Like Mudge said it differs, I remember When If first started lifting seriously like 8 months ago, After my first leg workouts, I did so many sets of squats,  It was a challenge to walk down the stairs and out of the weight room.


----------



## Freeman (Jul 8, 2003)

I usually feel pretty good immediately after a workout, but by the time I get home, I start to get tired.  Oh well.


----------



## Skib (Jul 8, 2003)

it always depends for me

sometimes i get a surge of energy leaving the gym and am good to go... other times i struggle to finish my cardio and come home and just lay on the couch and watch TV all night


----------



## Freeman (Jul 8, 2003)

just got done doing legs...I had to skip them last week, and I can feel it today.  No pep in my step today.  Looks like a day of TV, reading, music, and video games for me!


----------



## BlackLabelSDMF (Jul 8, 2003)

Physically I feel tired though only for about 30 mins before I get my shake in me and a shower. 

Mentally though I'm more ready to go then when I came in. I wish I never had to stop. I swear I feel like I can do anything.

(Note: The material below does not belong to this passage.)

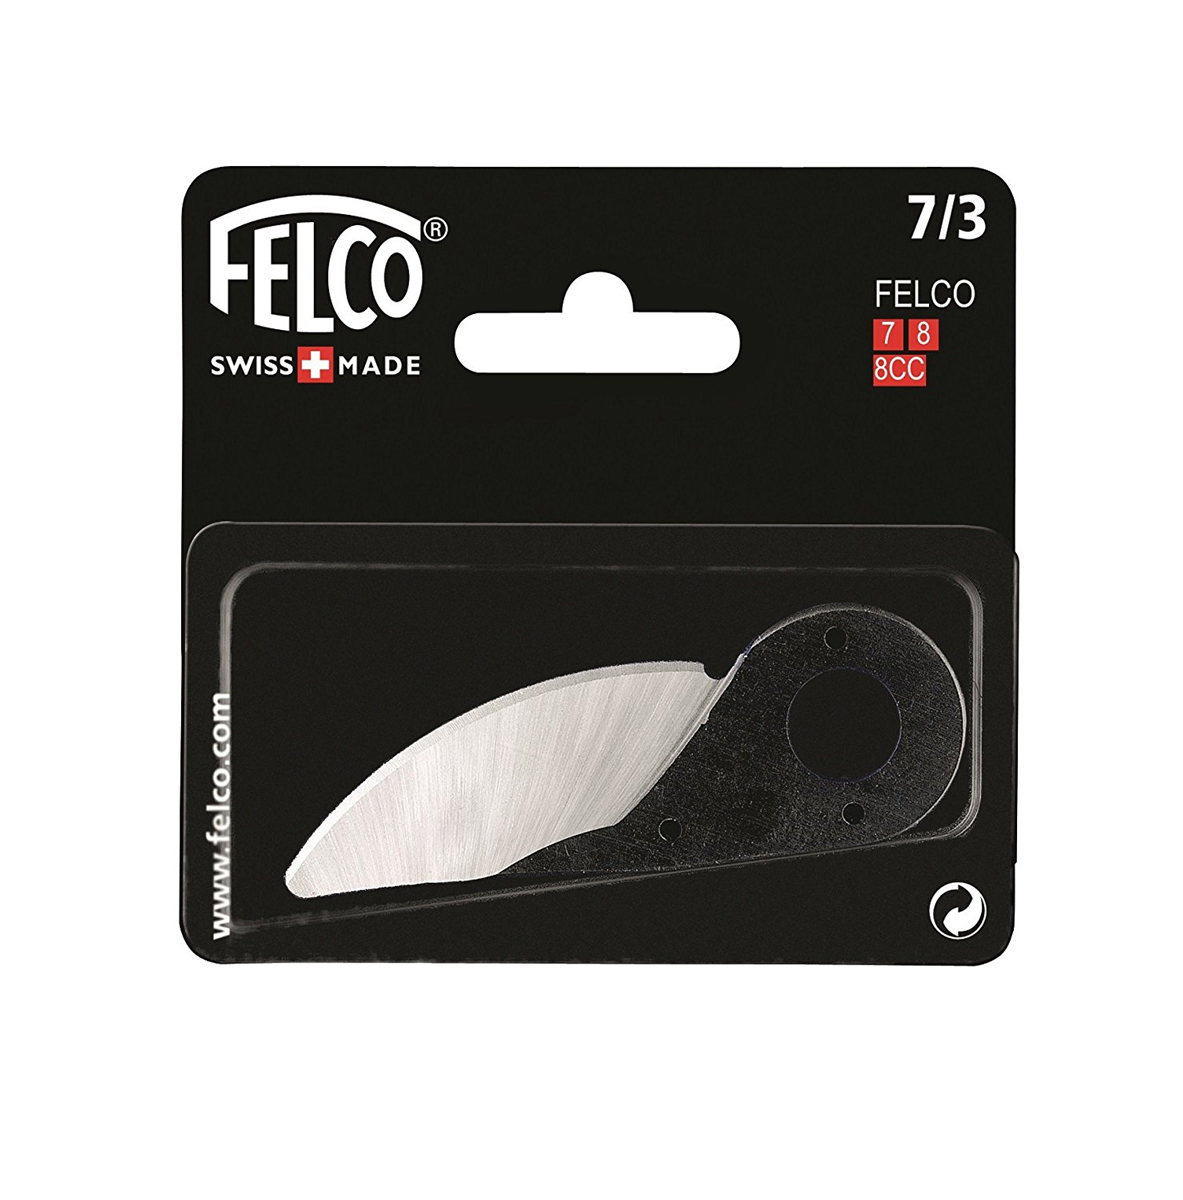 7-3 Cutting Blade for F 7 8 Felco - Pruners

Just to note I lift at about 1:00 or so for 1.5 hrs give or take what I'm working that day.


----------



## DaDaMan1010 (Jul 9, 2003)

how long do you guys spend lifting say arms, or and other single body part. thanks


----------



## Freeman (Jul 9, 2003)

I do arms on a separate day.  I do bis then tris then maybe forearms or abs or calves.  So, I spend a good 45min to an hour...sometimes it takes me longer depending on how crowded the gym is.


----------



## Fade (Jul 9, 2003)

I'm never tired after a workout....nauseated maybe, but not tired


----------



## DaMayor (Jul 10, 2003)

Wuss.


And howsabout gettin' your ass off the screen.......Yeesh! I thought it was J-Lo's for a minute.......talk about nausiating!


----------



## Fade (Jul 10, 2003)

Huh....no


----------



## DaMayor (Jul 11, 2003)

Alright, damn it....I'm posting mine!  .......maybe not.


----------



## DanK (Jul 15, 2003)

Usually during a workout I'm so exhausted I can barely do a jumping jack on leg days... but also within about 15 minutes of finishing my workout I feel completely recovered, like I hadn't worked out at all. Of course, I know if I go back and try to do more, my body will remind me that I really am still exhausted by returning to feeling exhausted by the third or fourth rep...

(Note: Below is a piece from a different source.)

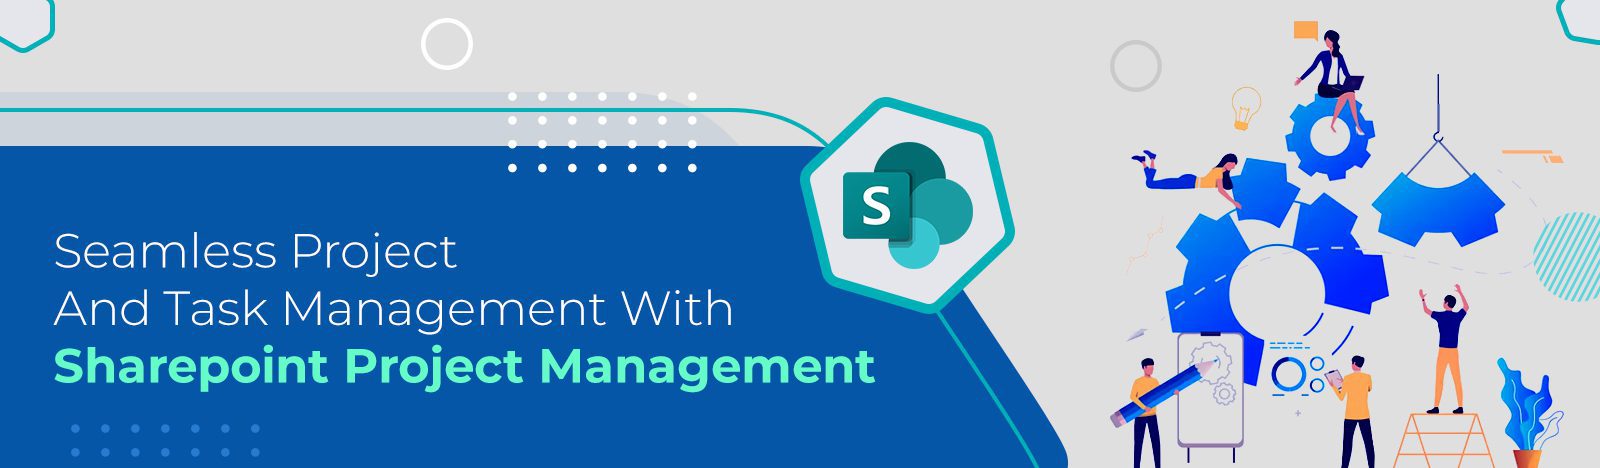 Seamless Project and task management with SharePoint project management

I think that how you workout is going to have a huge affect on the recovery time, I usually lift heavy for low number of sets/reps (legs I do mostly 3x10 and most everything else is 3x6, or sometimes I'll go with 1x15 and 1x10 for a few workouts), I usually lift to failure or very close to it for most exercises. On the other hand doing a very high volume workout with lighter weights I would probably feel exhausted quite a while after my workout, I've been considering going a few workouts where I drop the weights about 10 pounds and do 15-20 reps, maybe more (it's funny how dropping 10 pounds no matter how insignificant it is to the total weight makes such a big difference).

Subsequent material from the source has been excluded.